If you think an Islamist regime in Egypt supported by the Obama administration is strange, how about an Islamist regime in Egypt subsidized (albeit all too inadequately) by the Obama administration? Well, the president likes things green, so I guess Islamism fits in there.
It is astonishing to see how eager people are to argue that the Muslim Brotherhood and Salafist landslide in Egypt doesn’t really pose any big problems.
Then there’s the democracy fallacy, as expressed by Secretary of State Hillary Clinton:
Transitions require fair and inclusive elections, but they also demand the embrace of democratic norms and rules. We expect all democratic actors to uphold universal human rights, including women’s rights, to allow free religious practice.

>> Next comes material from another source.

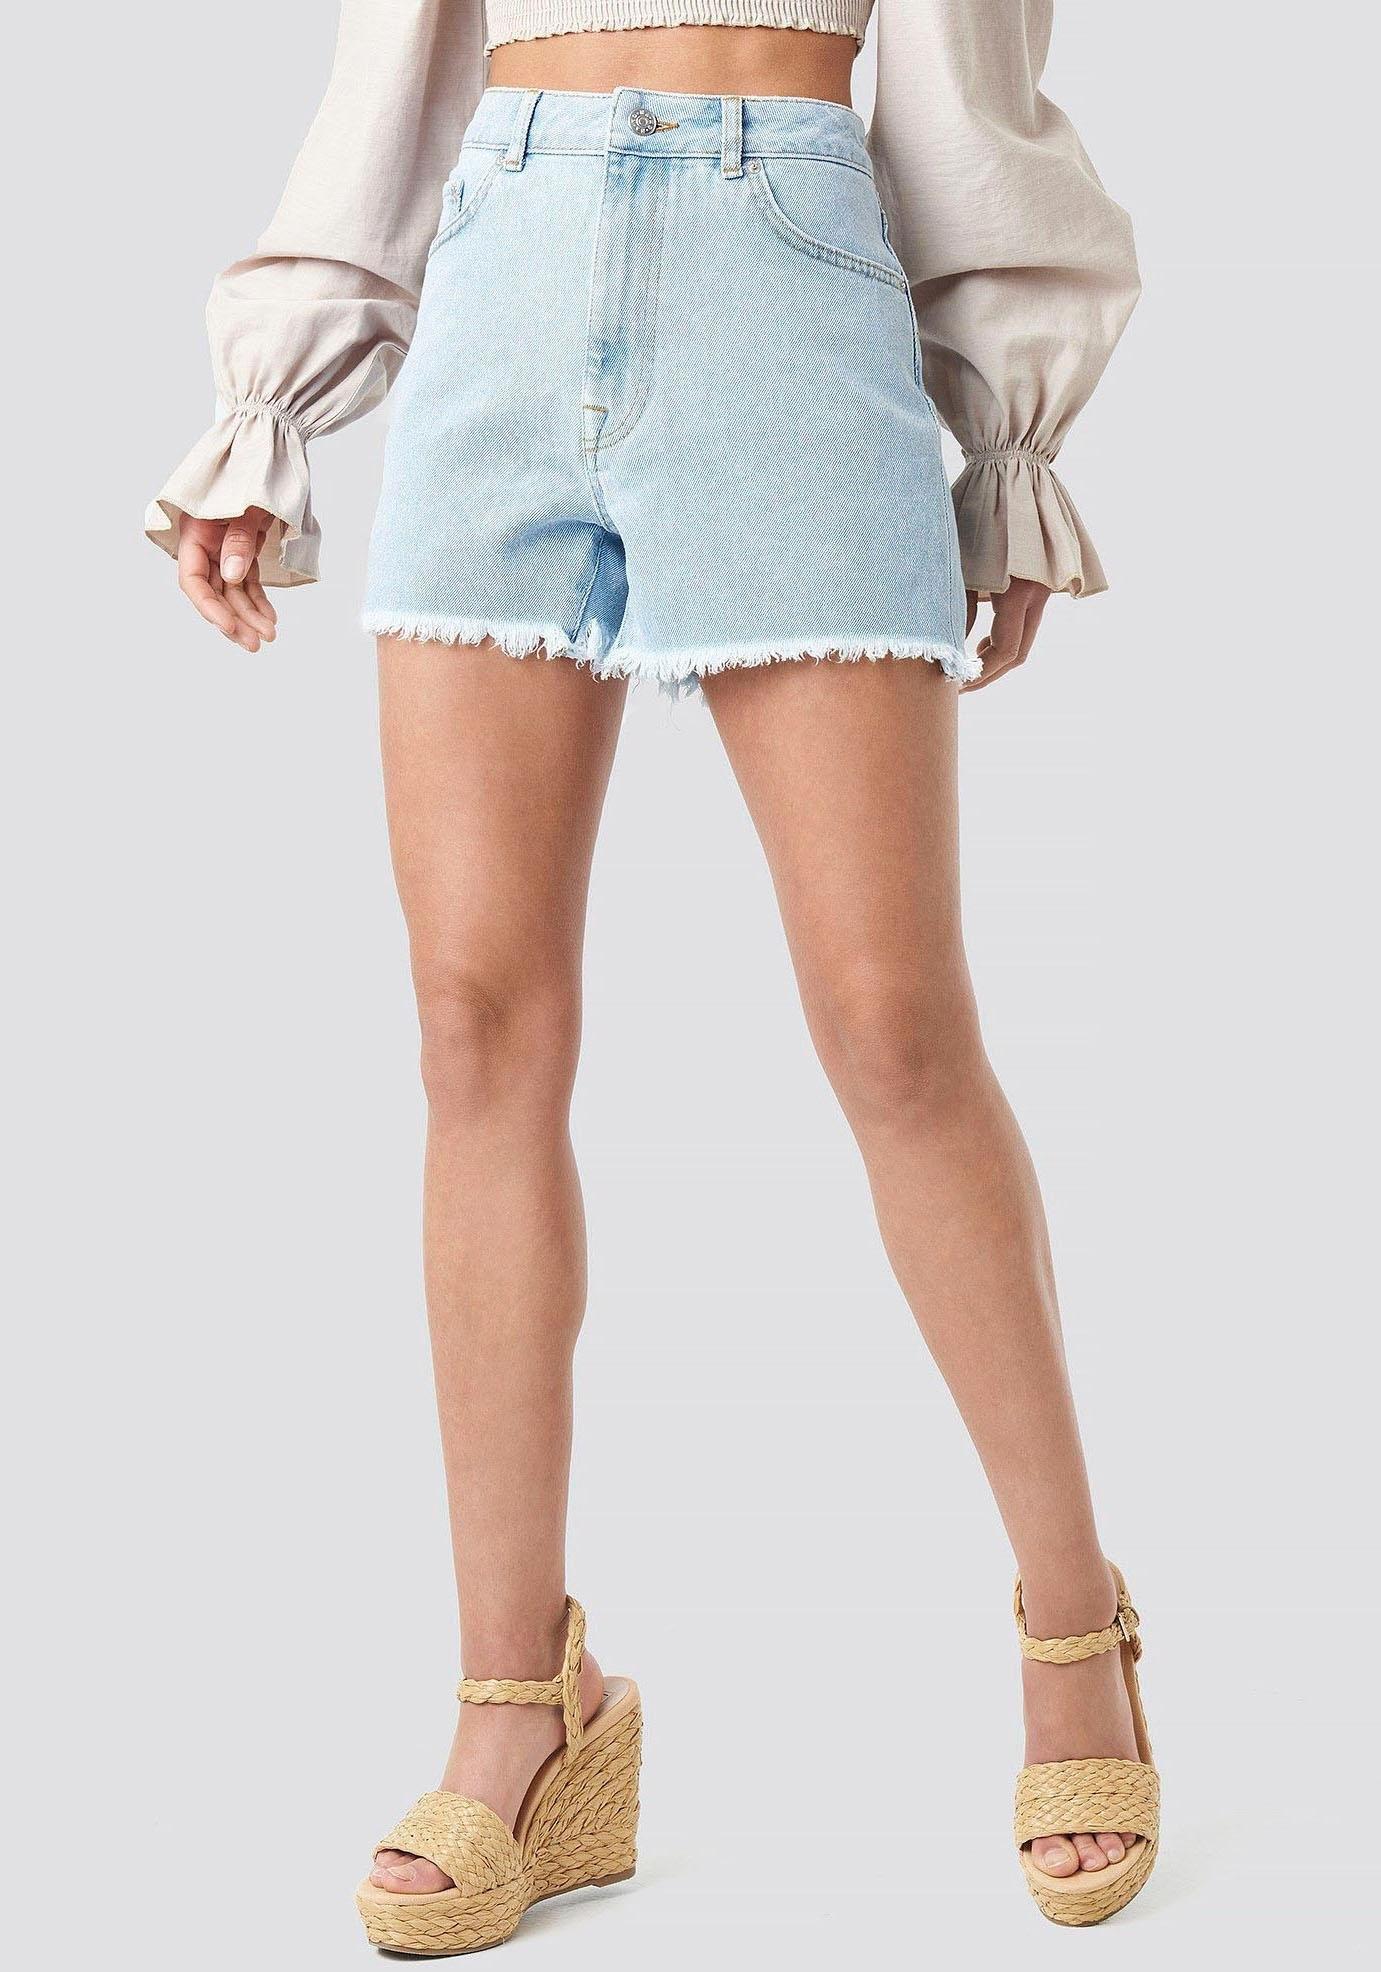 Op zoek naar een Na-kd jeansshort »0117«? Koop online bij OTTO
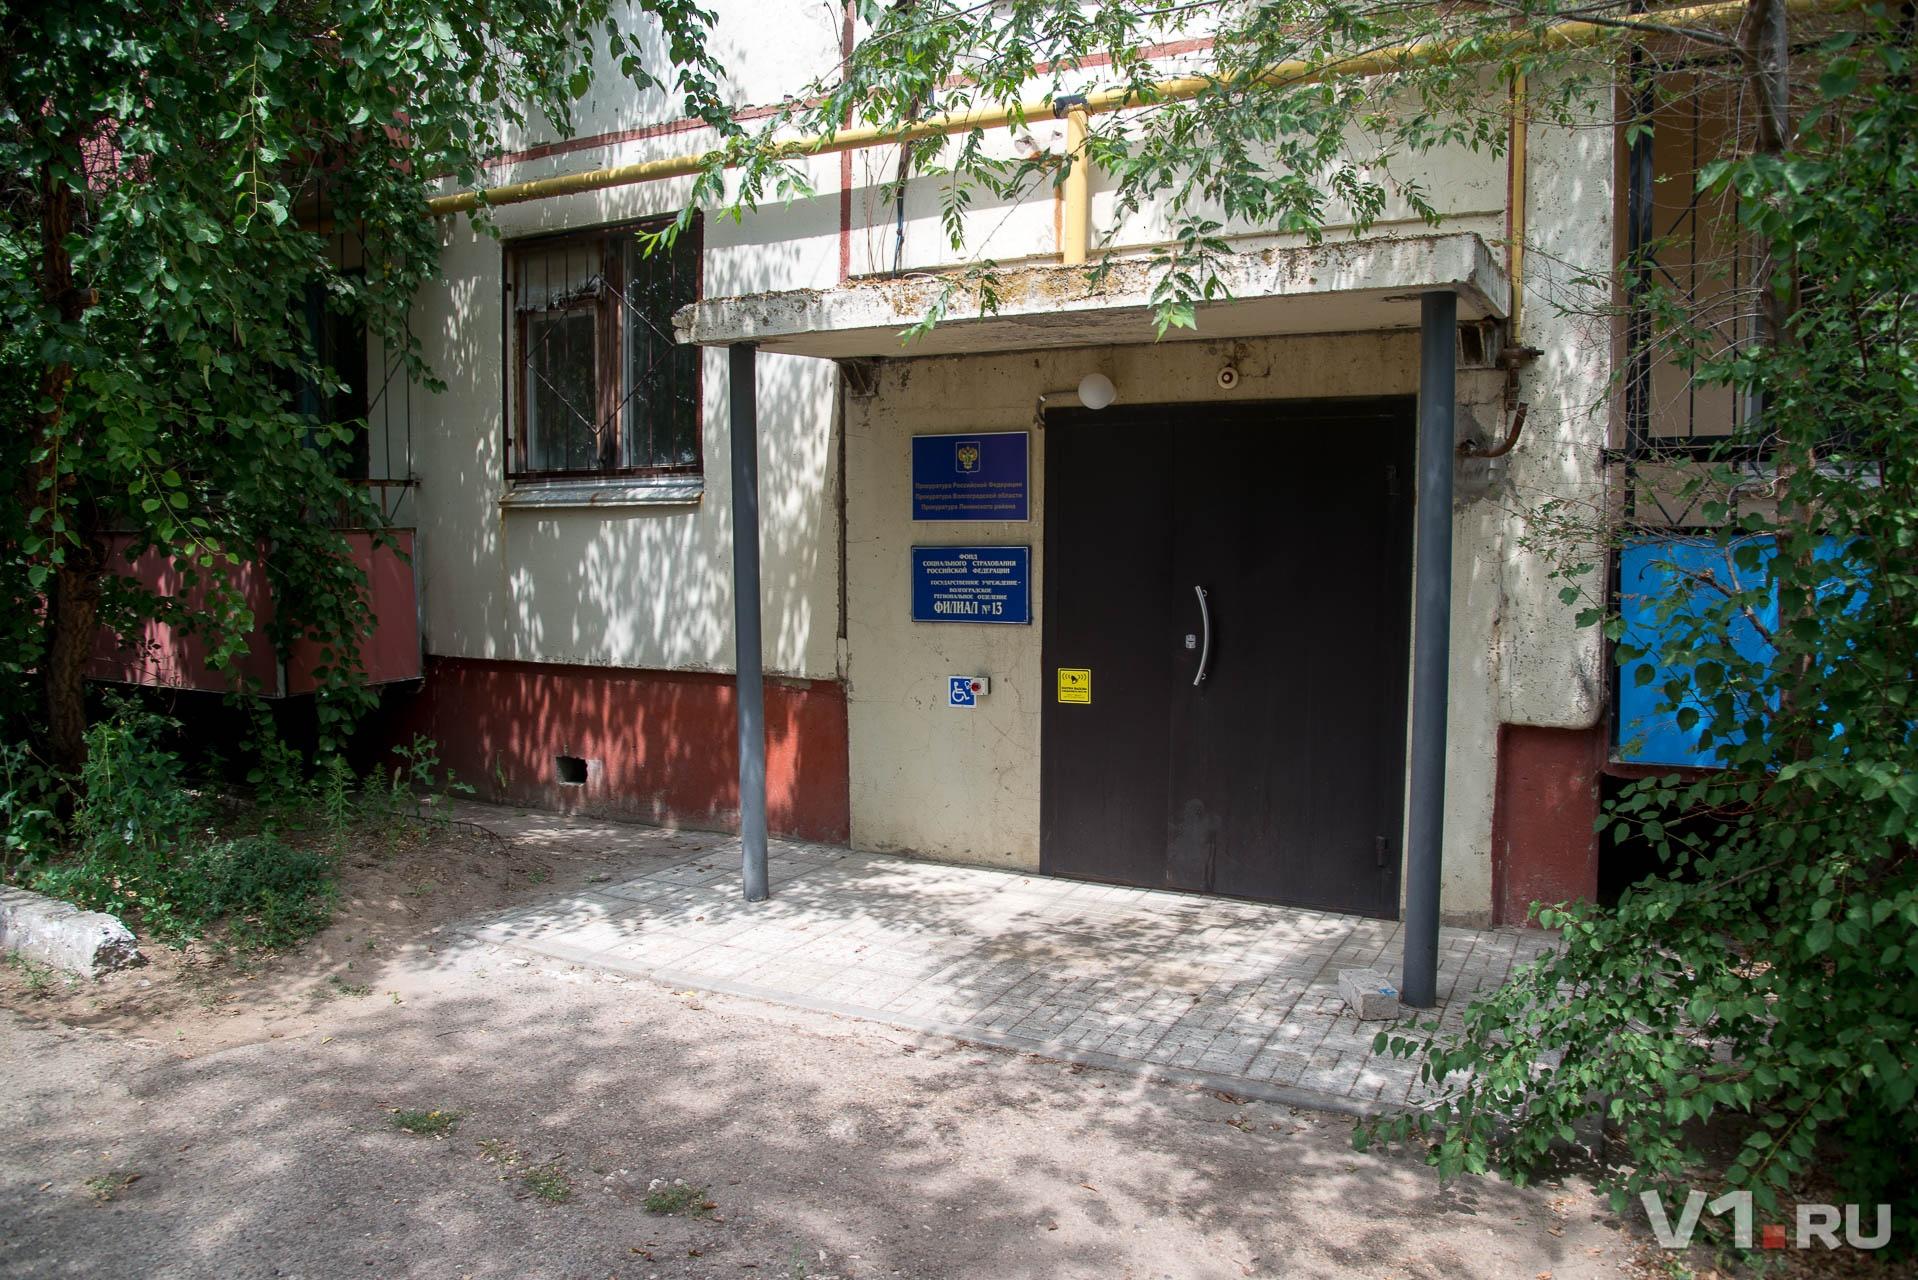 Главврач обратился в Ленинскую прокуратуру проверить диплом педиатра на подлинность

Let me try to explain it this way: Democratic norms are merely forms; the content is something else. Is there any chance that the Muslim Brotherhood and Salafists are not going to impose Islamic law on marriage, divorce, inheritance, dress codes, etc.? Of course not. Then what does Clinton expect is going to happen? We know what is going to happen.
Regarding “free religious practice,” the Islamists will accept that in principle. In practice, though, Christians will not be able to build and repair churches. Schools will teach anti-Christian doctrine. Christians will be periodically attacked and murdered without the authorities arresting or prosecuting those responsible (as also happened in the Mubarak era, without U.S. complaints).
Will Clinton and Obama then denounce the Islamists as not being “democratic actors” and condemn them? Of course not. They haven’t really done that in Iran or the Gaza Strip. Thus, Clinton’s statement is pure window dressing, or should I say parsley to garnish a bad policy.
What we have here then is a three-stage strategy:
1. Argue that the Islamists are not really a problem but can be moderate in power.
2. Welcome their taking power, but “warn” them not to behave precisely the way we all know they are going to behave.
3. When they behave that way, don’t complain or do anything about it.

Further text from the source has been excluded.